Welcome to the midweek(ish) version of An Irritable Métis. This is where things are usually a little more random, a little less … irritable. Except for this week, as you’ll see. If you forgot what all this is even about, you may remind yourself here. If you want to help me keep me from ever taking up a post behind a register somewhere in front of the slavering multitudes again, well….

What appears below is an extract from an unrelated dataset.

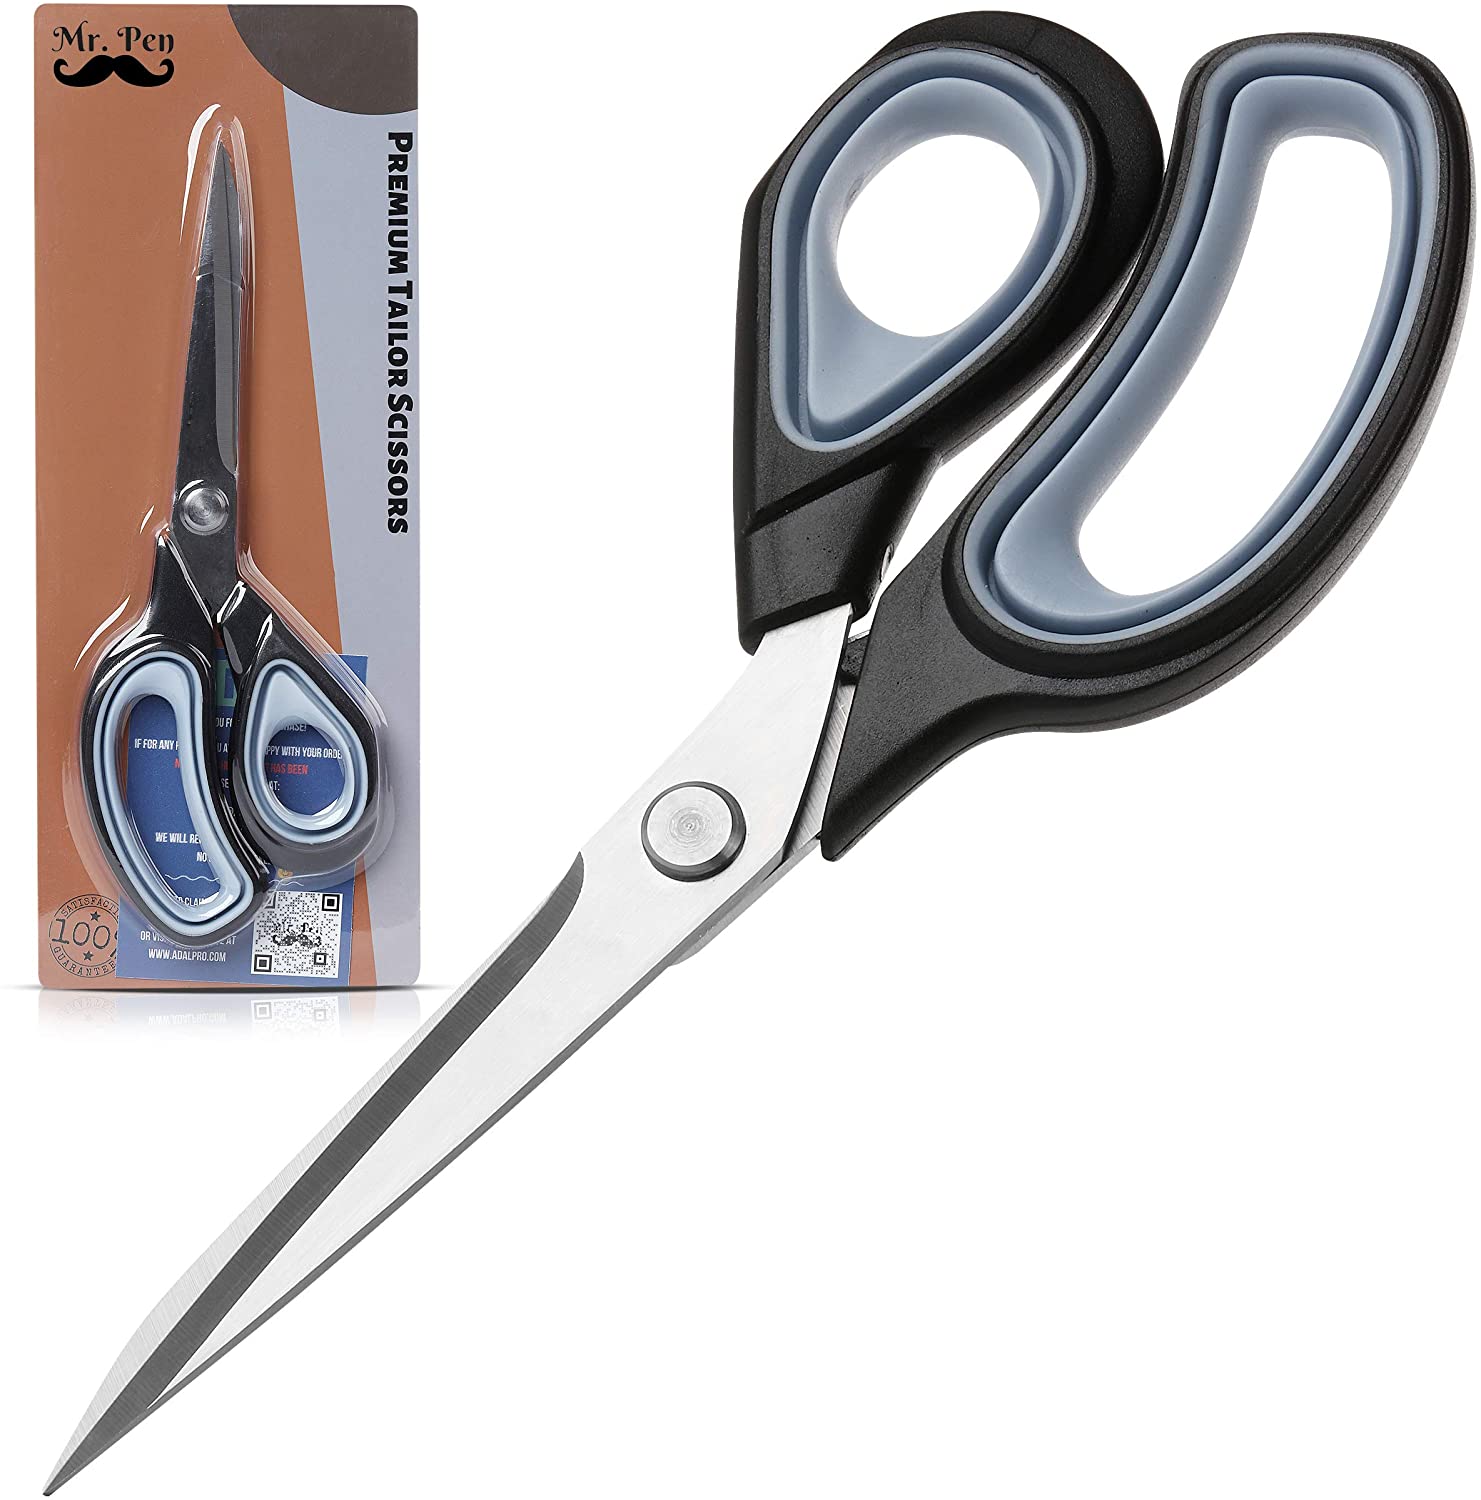 Mr. Pen- Scissors, Sewing Scissors, 9.5 inch Premium Tailor
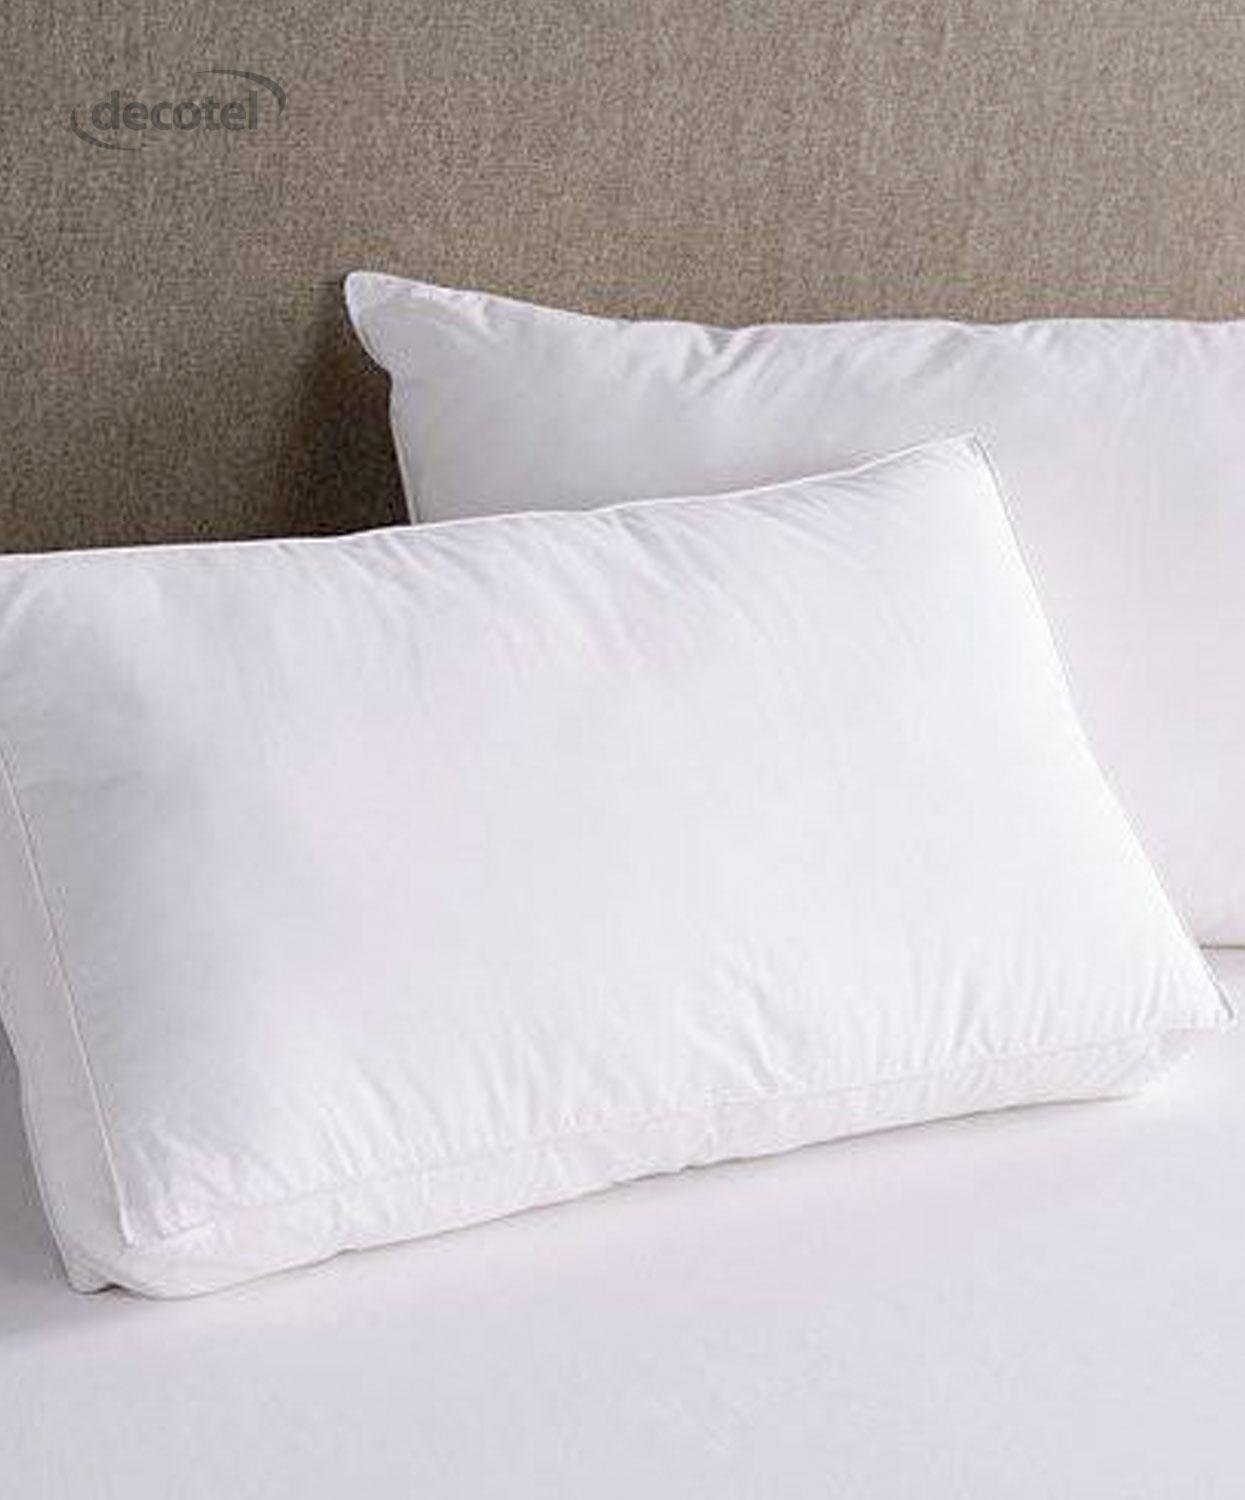 The Blenheim Pillow

It’s only been about seven years since there was so much buzz accompanying the imminent release of Jon Krakauer’s Missoula: Rape and the Justice System in a College Town, though it seems it’s been decades. In this one Krakauer investigates “a spate of campus rapes that occurred in Missoula over a four-year period” and focuses significantly on the UM football team and the community’s relationship to it. To say I have any personal connection to the book would be a gross overstatement but I did have a smidge of behind-the-scenes insight because the primary Missoulian reporter documenting the cases Krakauer was writing about is my good friend Gwen Florio. At the time I was in a little writing group1 with Gwen, another reporter, and another writer, all women, and their collective experiences did more to dawn my realization at the time of how the world is to people who aren’t white (or look it), male, and of imposing physique or demeanor than anything else. I am all of those things to varying degrees, and my friends taught me so much about how their world contrasts mine. Conversations about being careful about where the car is parked, where the safe places to run are, all of it. Things that never really crossed my mind, at least not for the same reasons. Things more than half of the population have to worry about all the time.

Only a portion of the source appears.